Peter Graham is a New Zealand barrister-turned crime-writer. He received his law degree at New Zealand's Victoria University, after which he worked at a large full-service law firm before moving to Christ Church where he became a Crown Counsel for three decades.

He also spent five years as a prosecutor in Hong Kong, part of the Independent Commission Against Corruption. It was while working as a barrister in Hong Kong that he came across the story that would become his first true crime book, Vile Crimes: The Timaru Poisonings (2007).

Even before heading to Hong Kong, Graham admits that he had wanted to write about the Parker-Hulme case, the subject of his 2011 book So Brilliantly Clever (released as Anne Perry and the Murder of the Century in the U.S. in 2015). Graham has been fascinated by the case ever since the 1970s when he was an assistant to Brian McClelland, who had been junior counsel for Juliet Hulme some twenty-years earlier.
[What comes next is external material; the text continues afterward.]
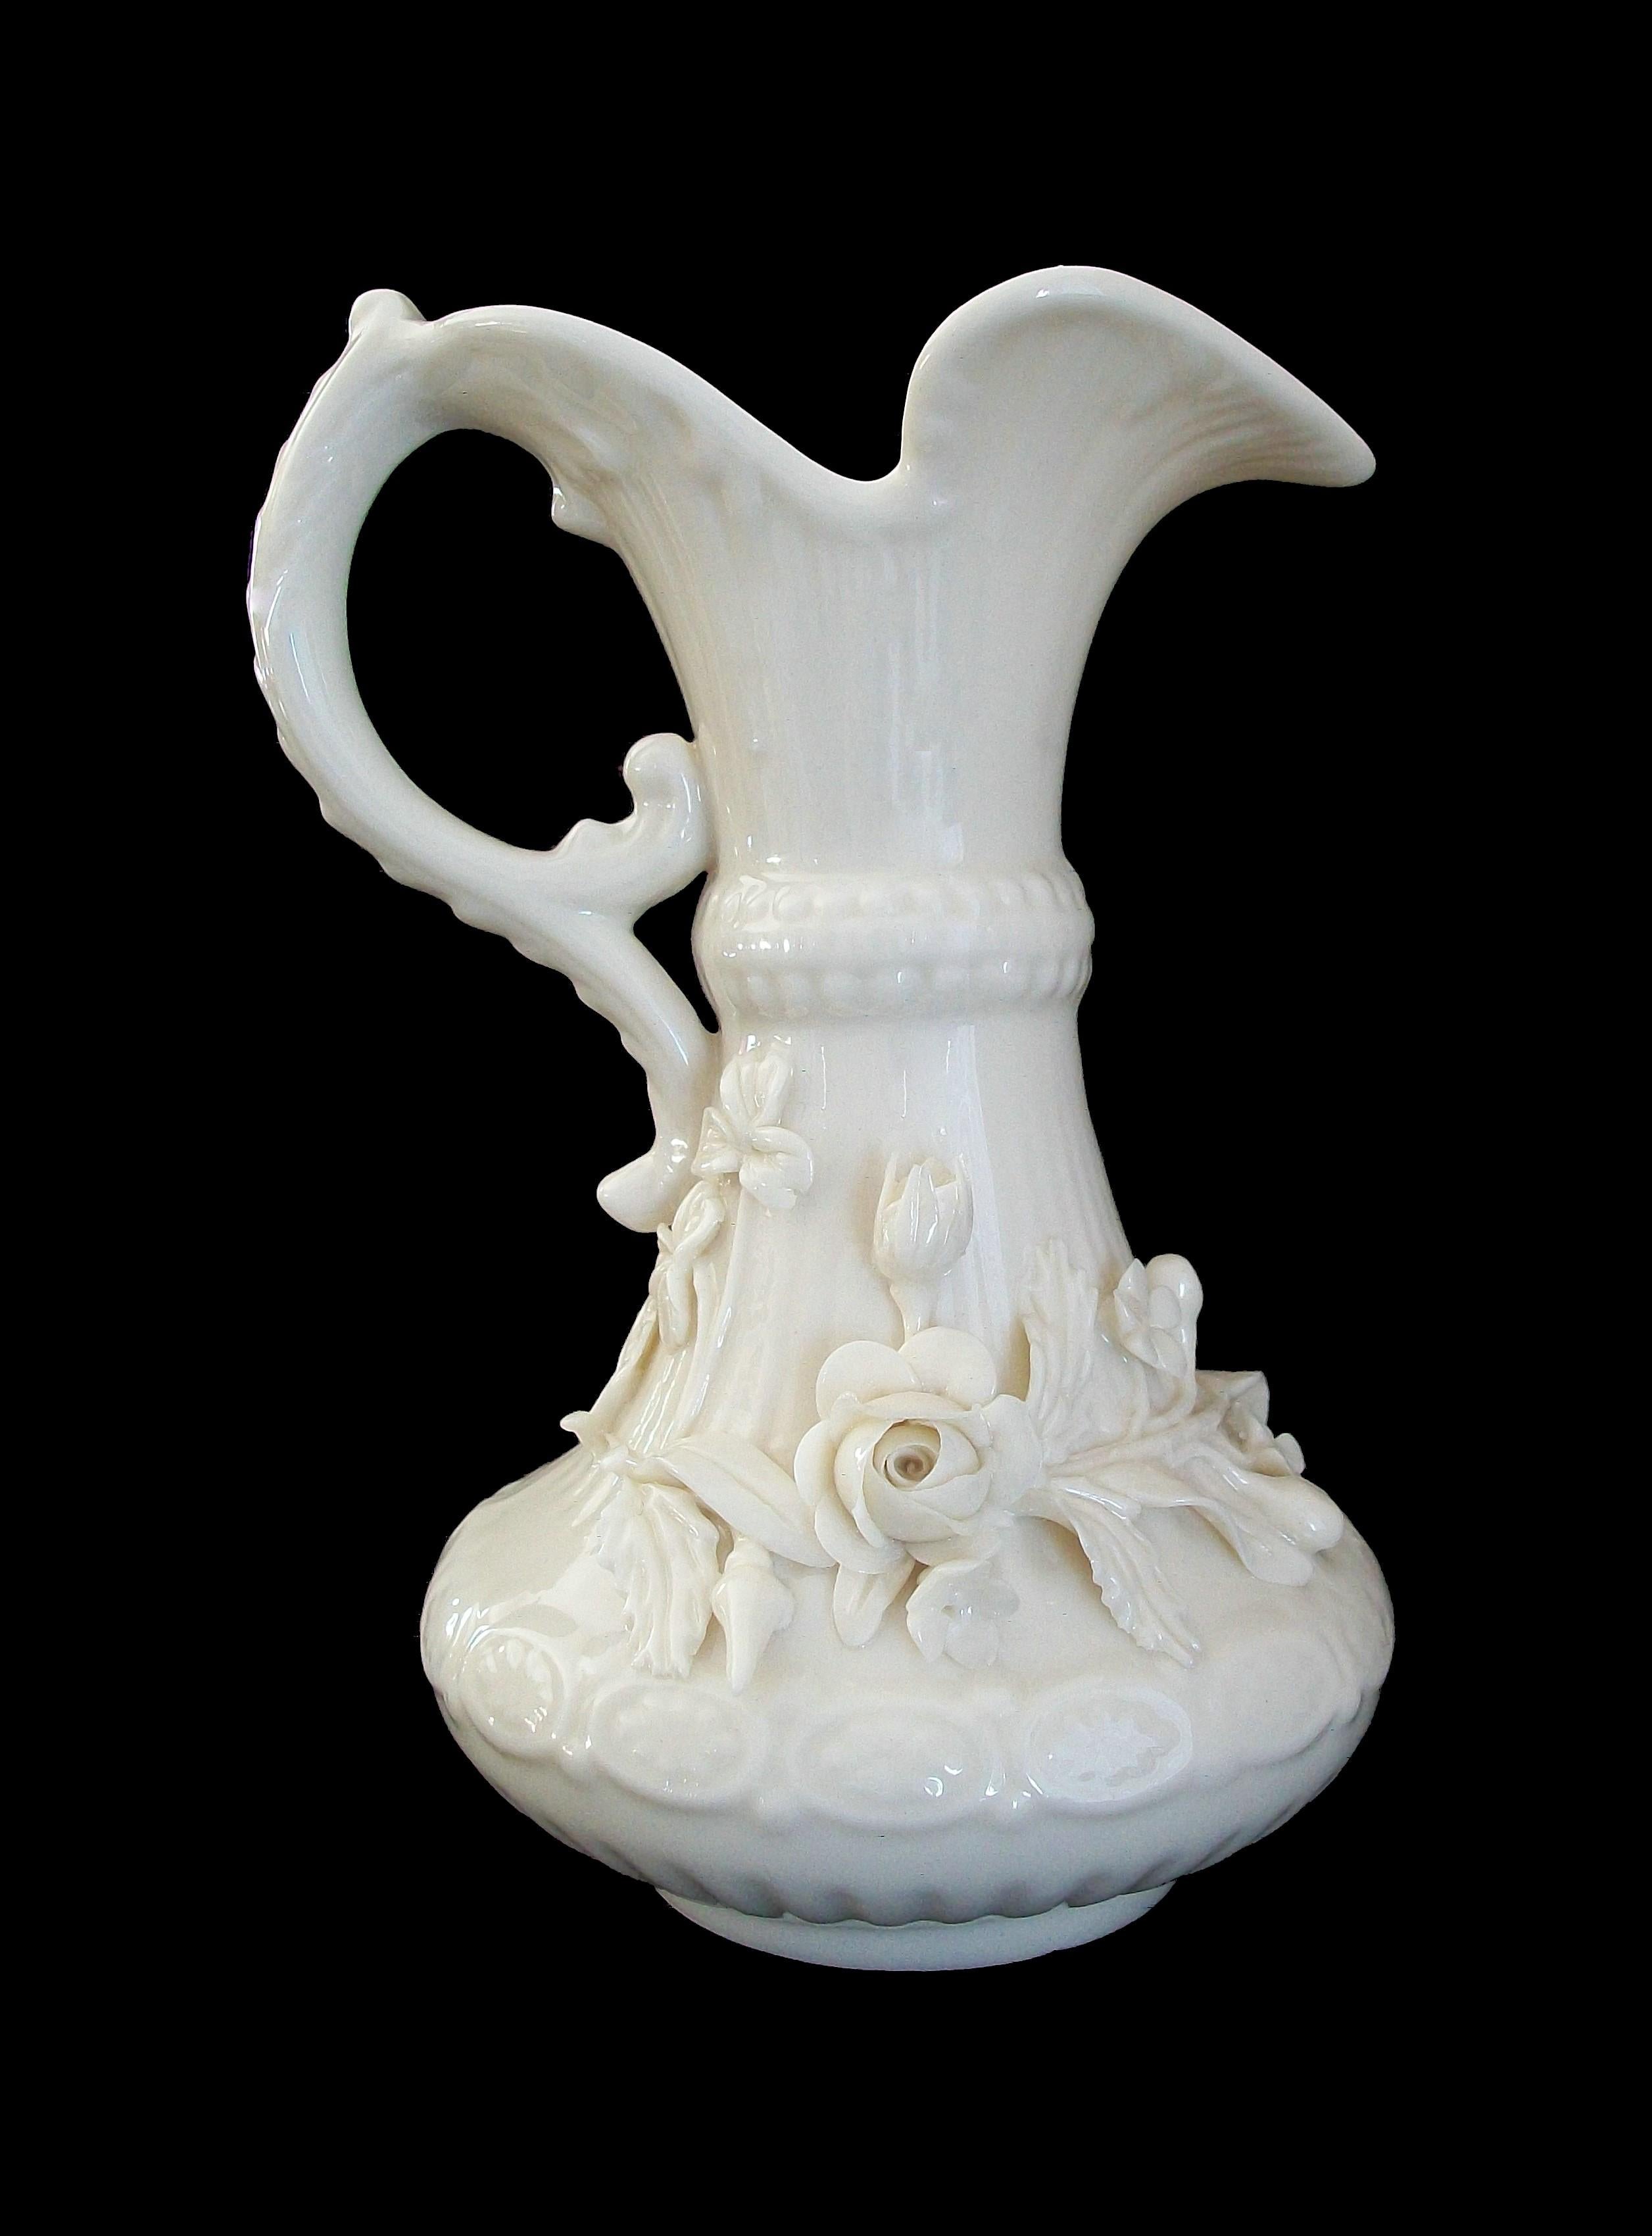 BELLEEK (Manufacturer) - Vintage ceramic ewer - featuring applied porcelain floral decoration to the body - 3rd green maker's mark to the bottom - Ireland - circa 1965-1980.

Excellent/mint vintage condition - no loss - no damage - no restoration

By the time he actually began working on So Brilliantly Clever, Graham had largely retired from legal practice. He and his wife moved to a small farm near Dunsandel, where he spent over three years researching the Parker-Hulme murder for the book.

Apart from writing, Graham says he supervises a few pigs, potters around in a "rather big garden," does a little bit of law and some traveling. He and his wife grow apples on the farm and produce a gold-medal-winning cider. (Based on an article from the Kiwi Blog Crime Watch.)